:: Given material ::
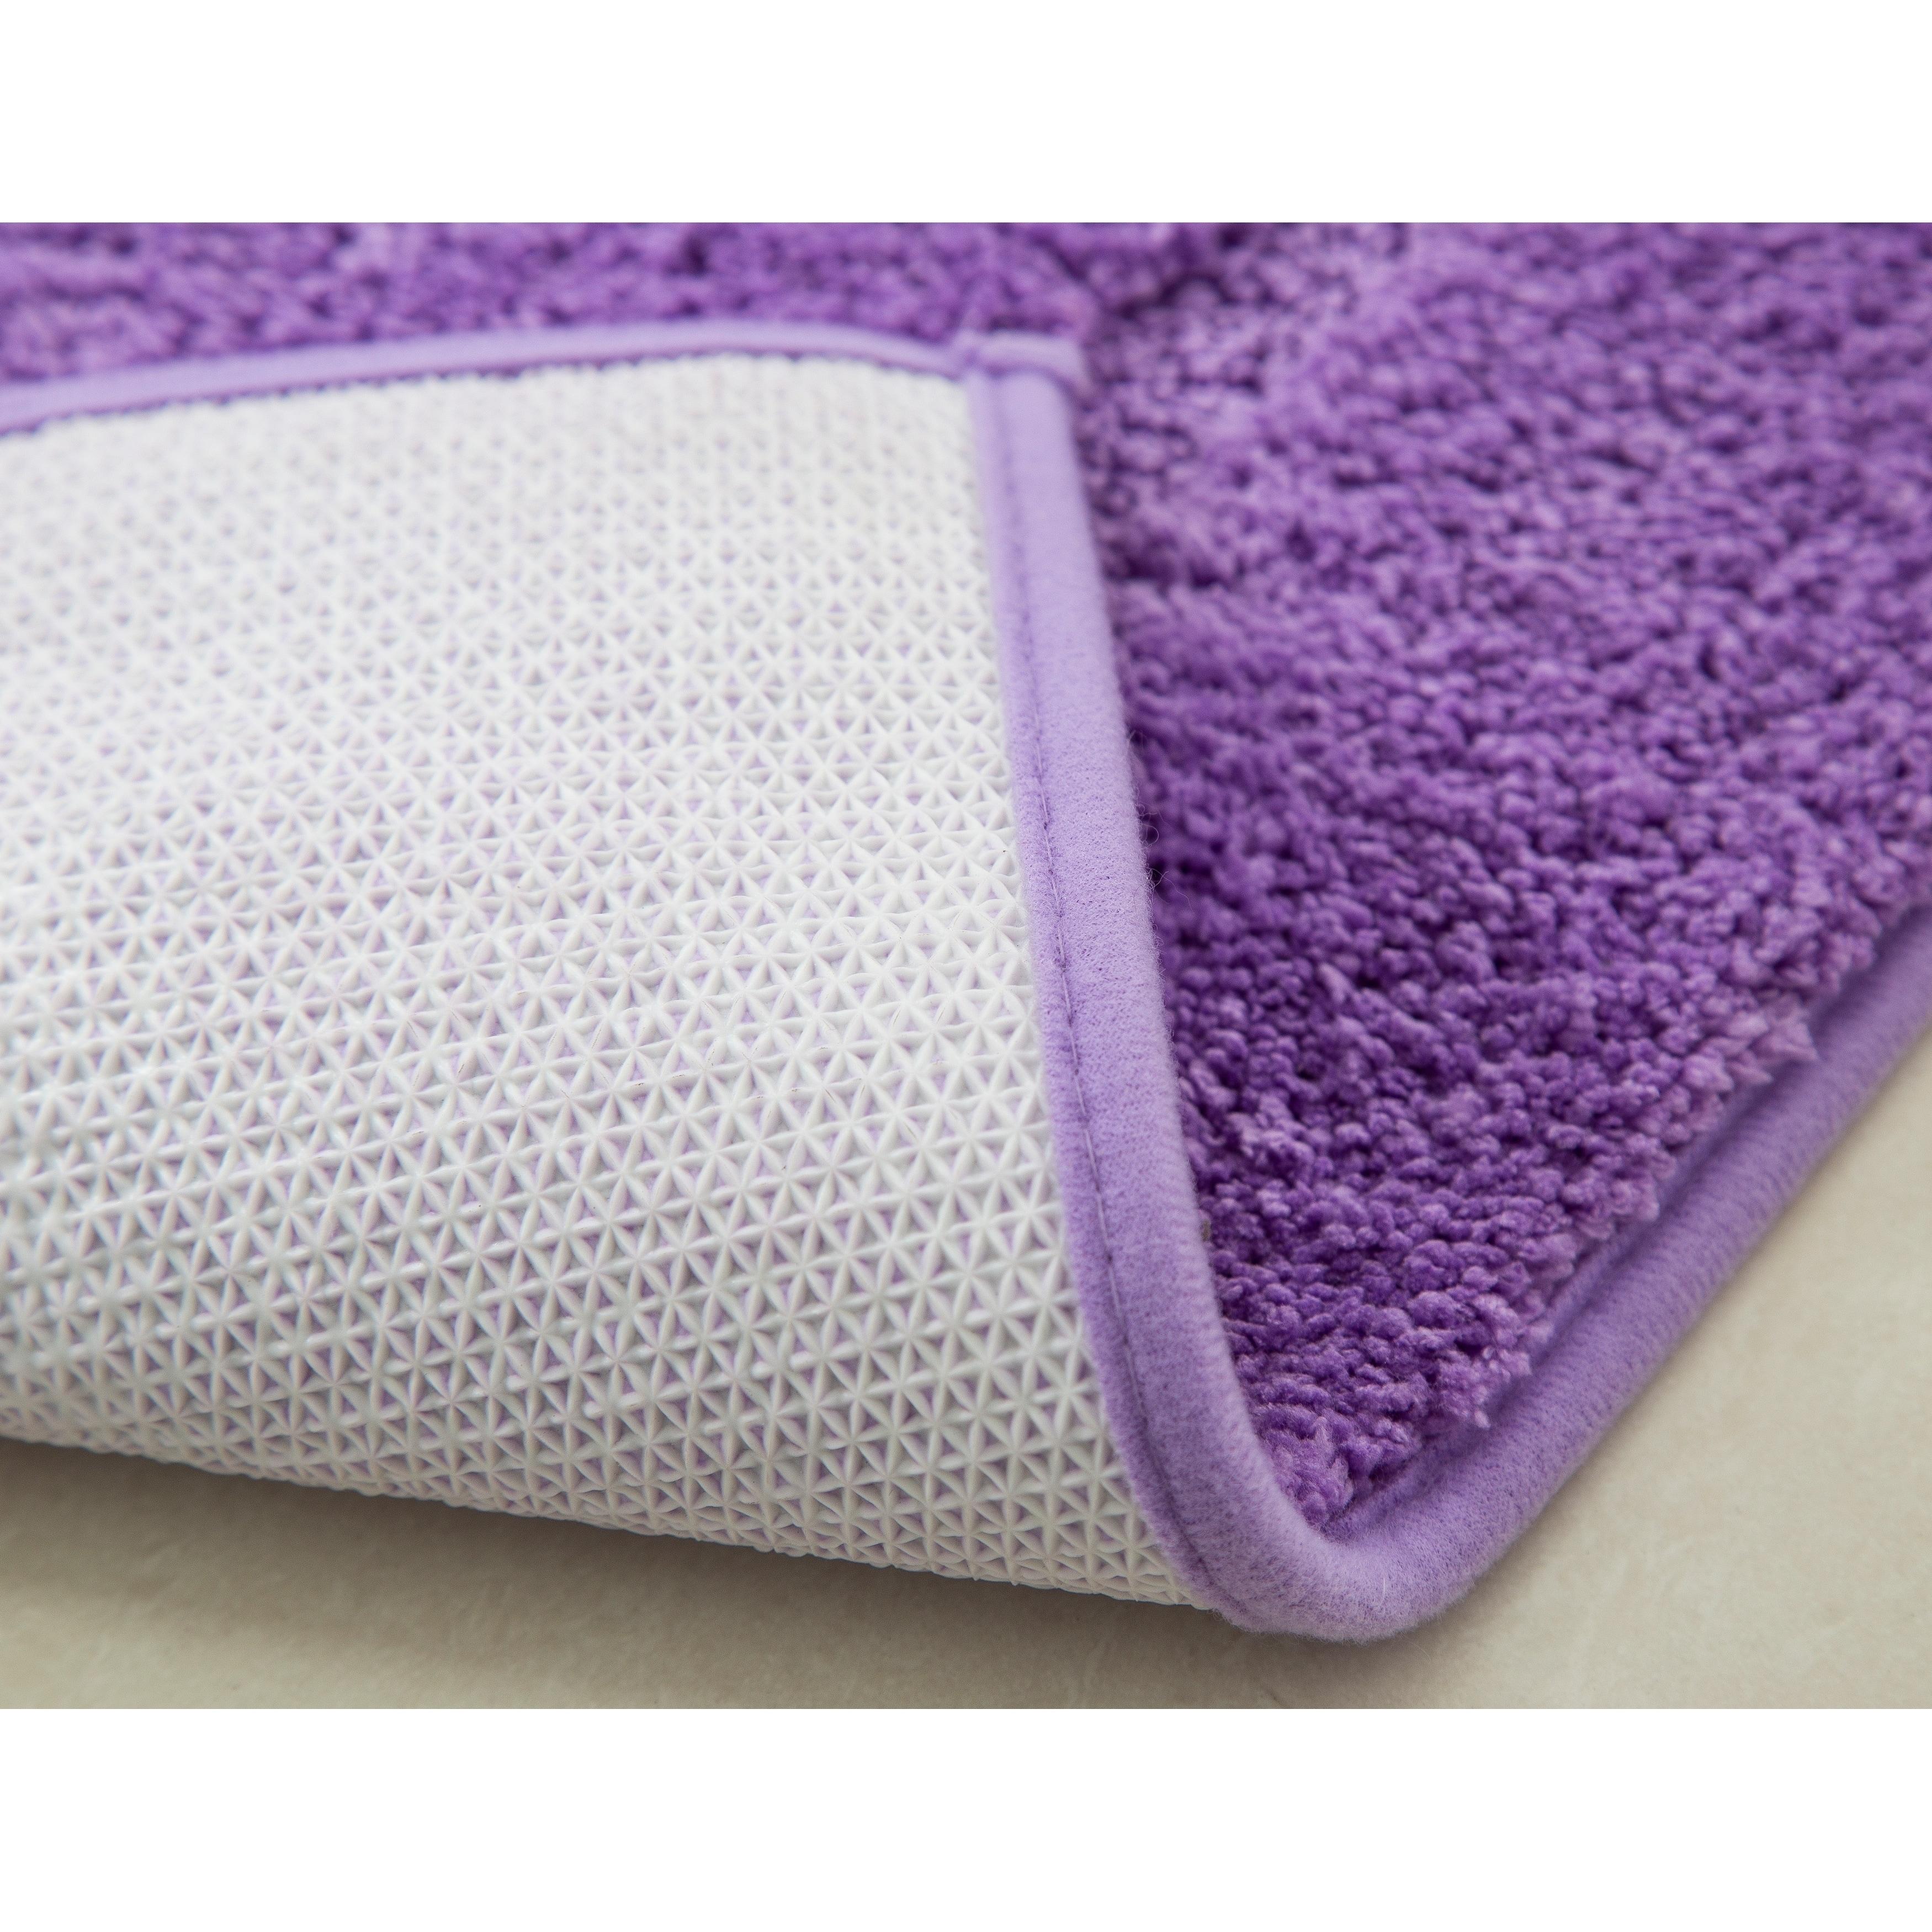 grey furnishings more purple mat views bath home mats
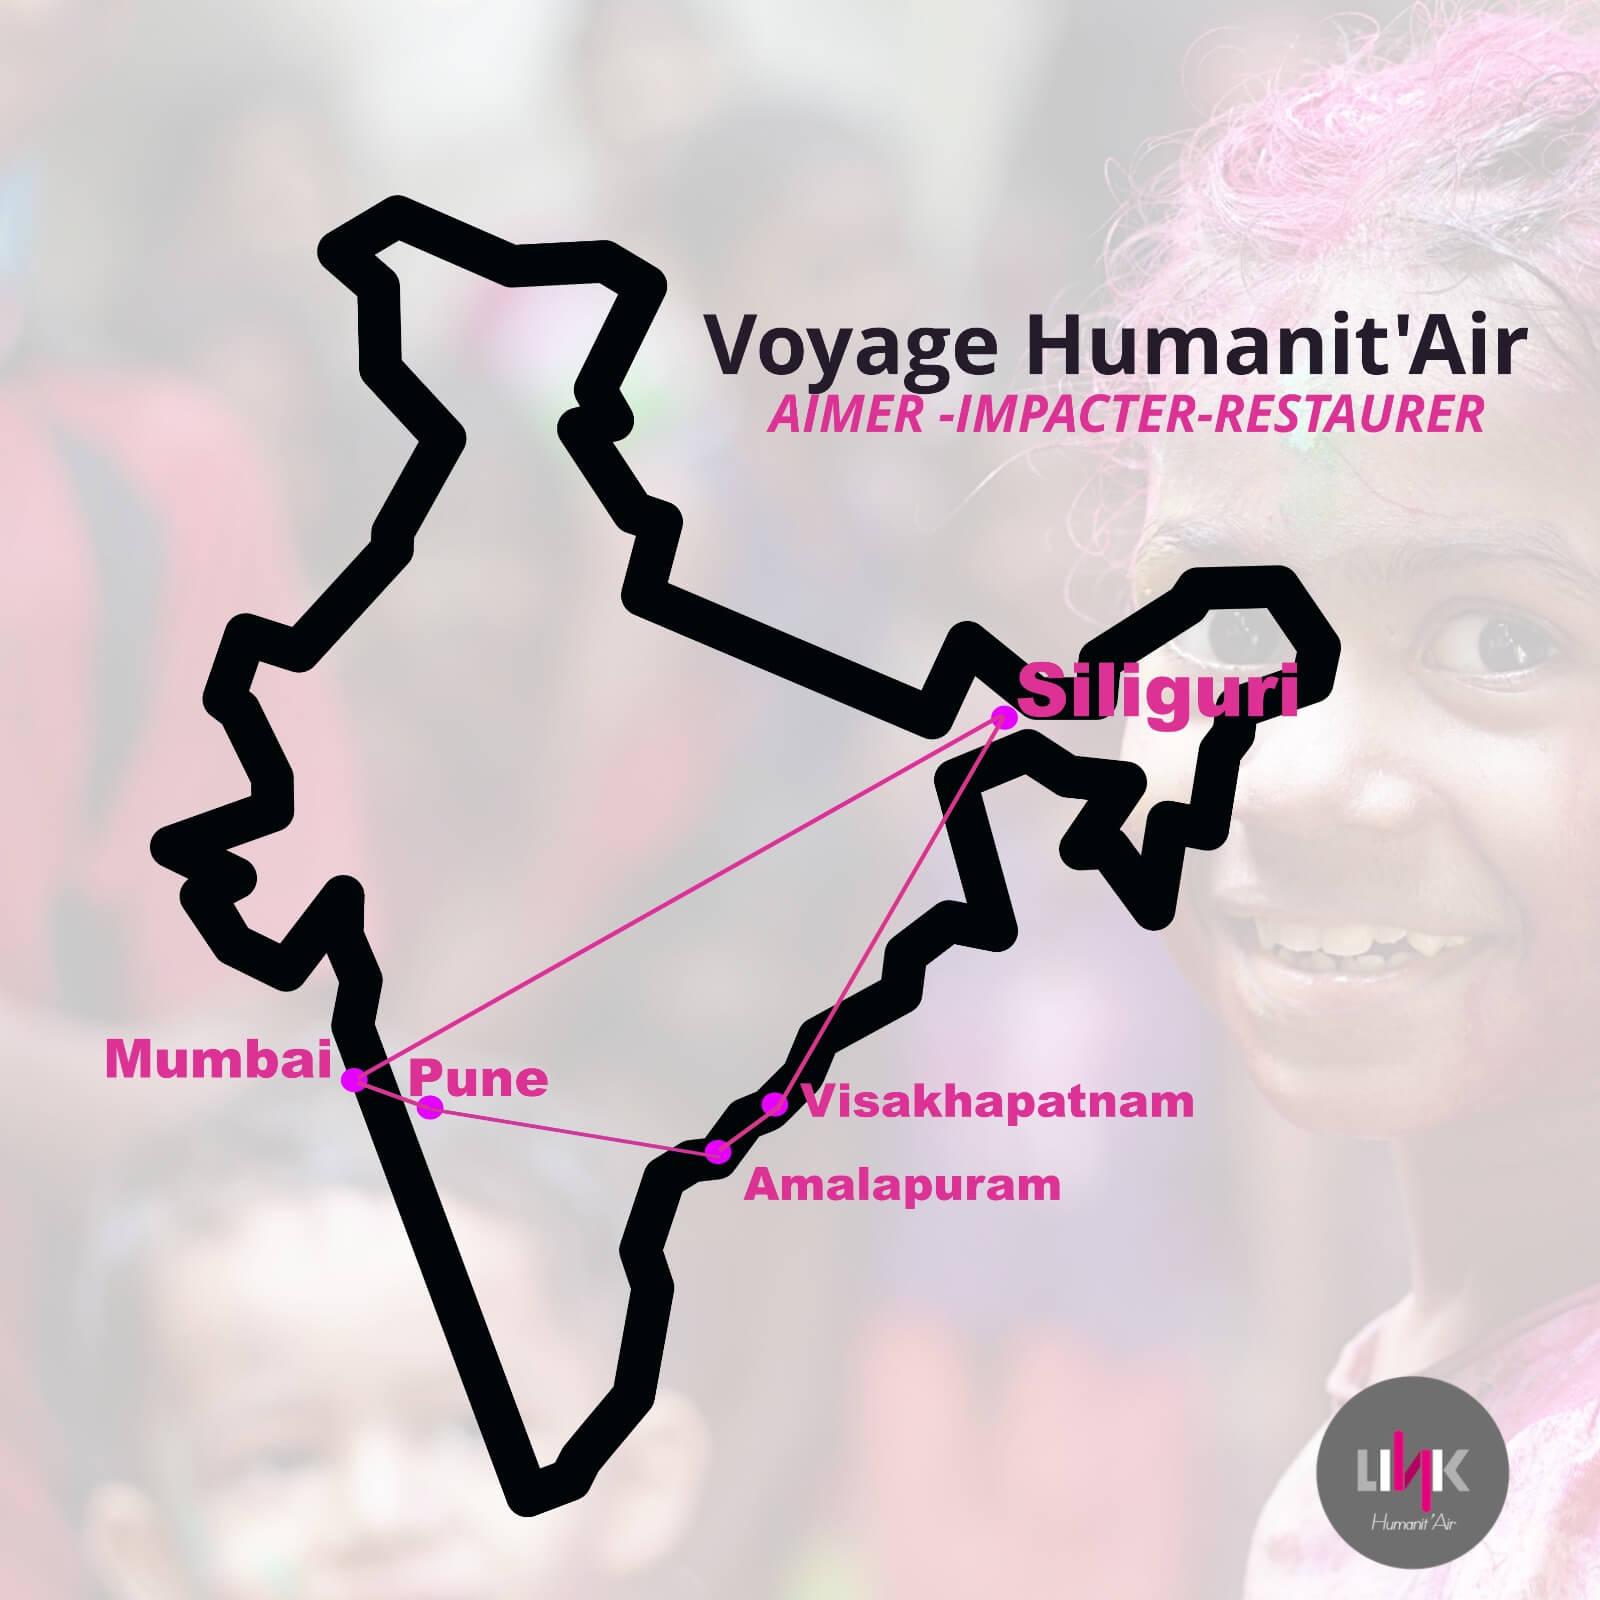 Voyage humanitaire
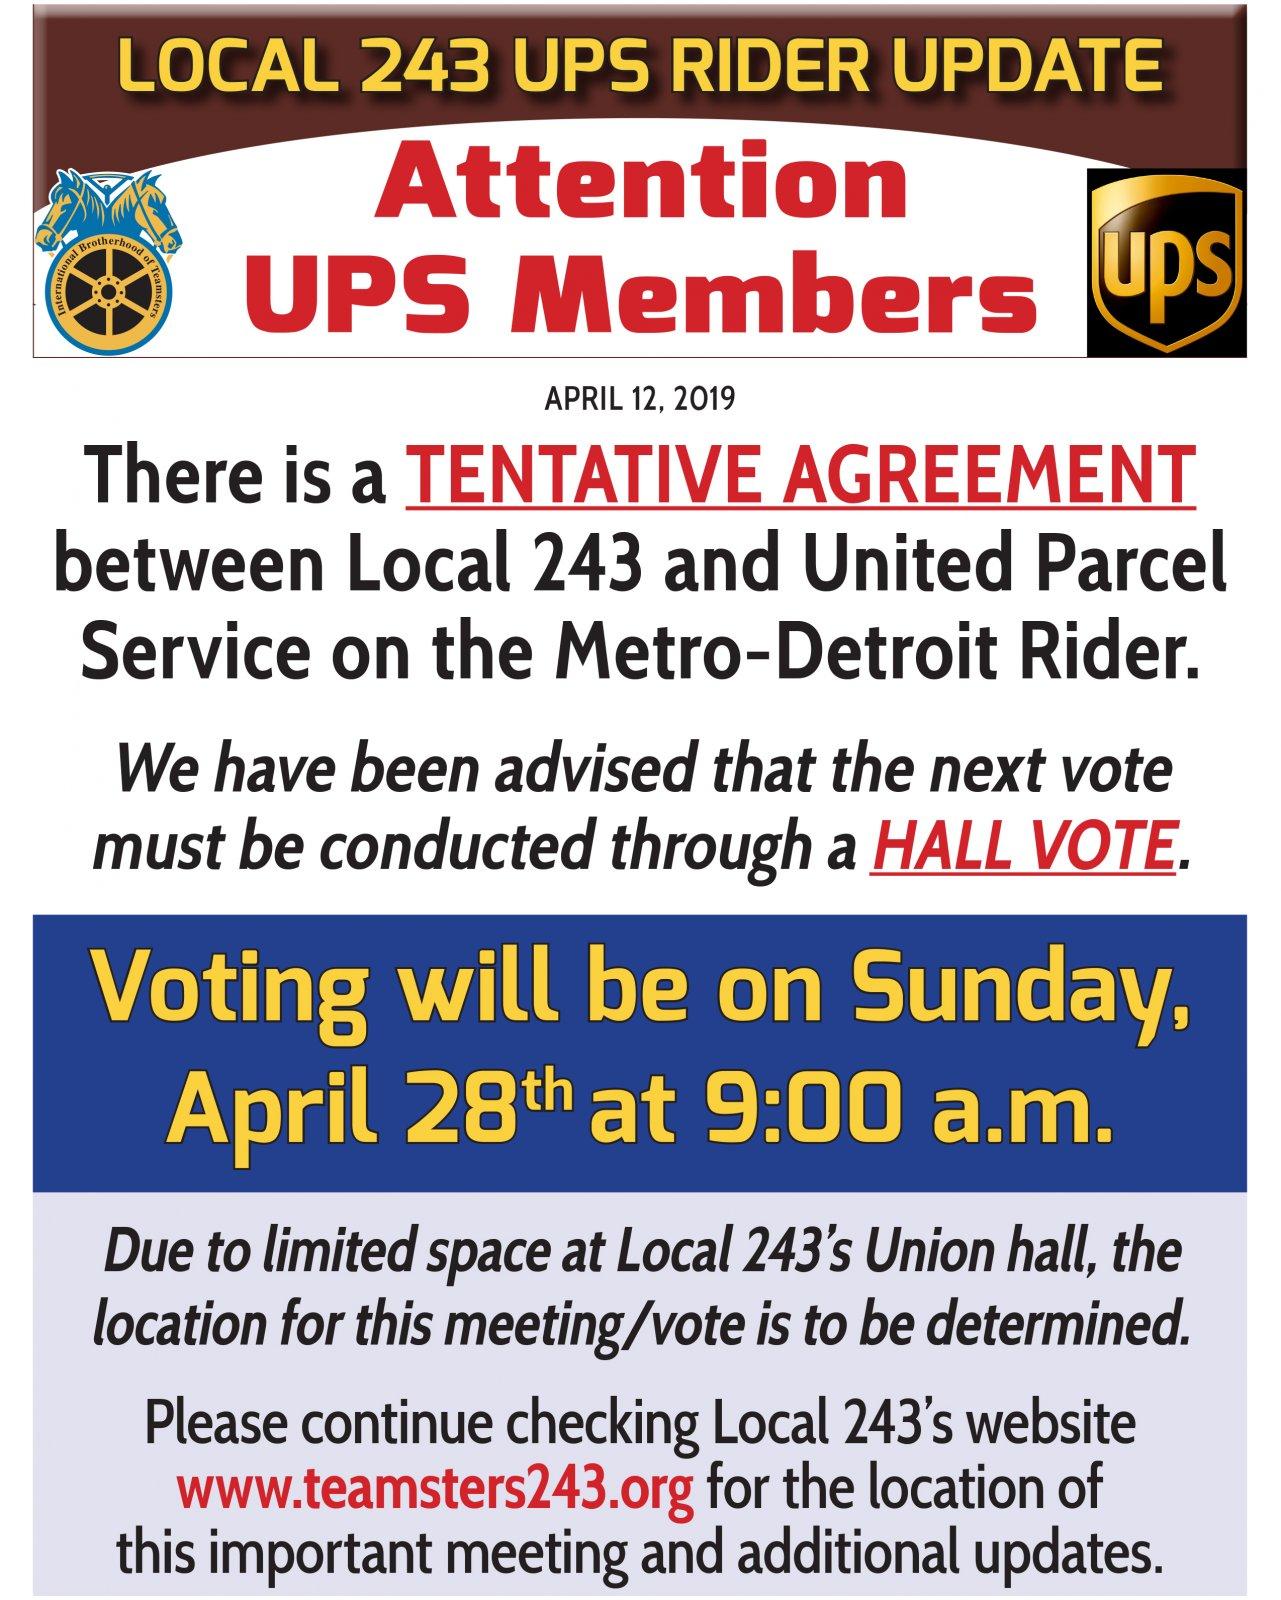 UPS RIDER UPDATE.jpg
:::
• **Required action**: Quote in full the listing given above; the images are to be left out.

• **Exercise solution**:
 grey furnishings more purple mat views bath home mats
 Voyage humanitaire
 UPS RIDER UPDATE.jpg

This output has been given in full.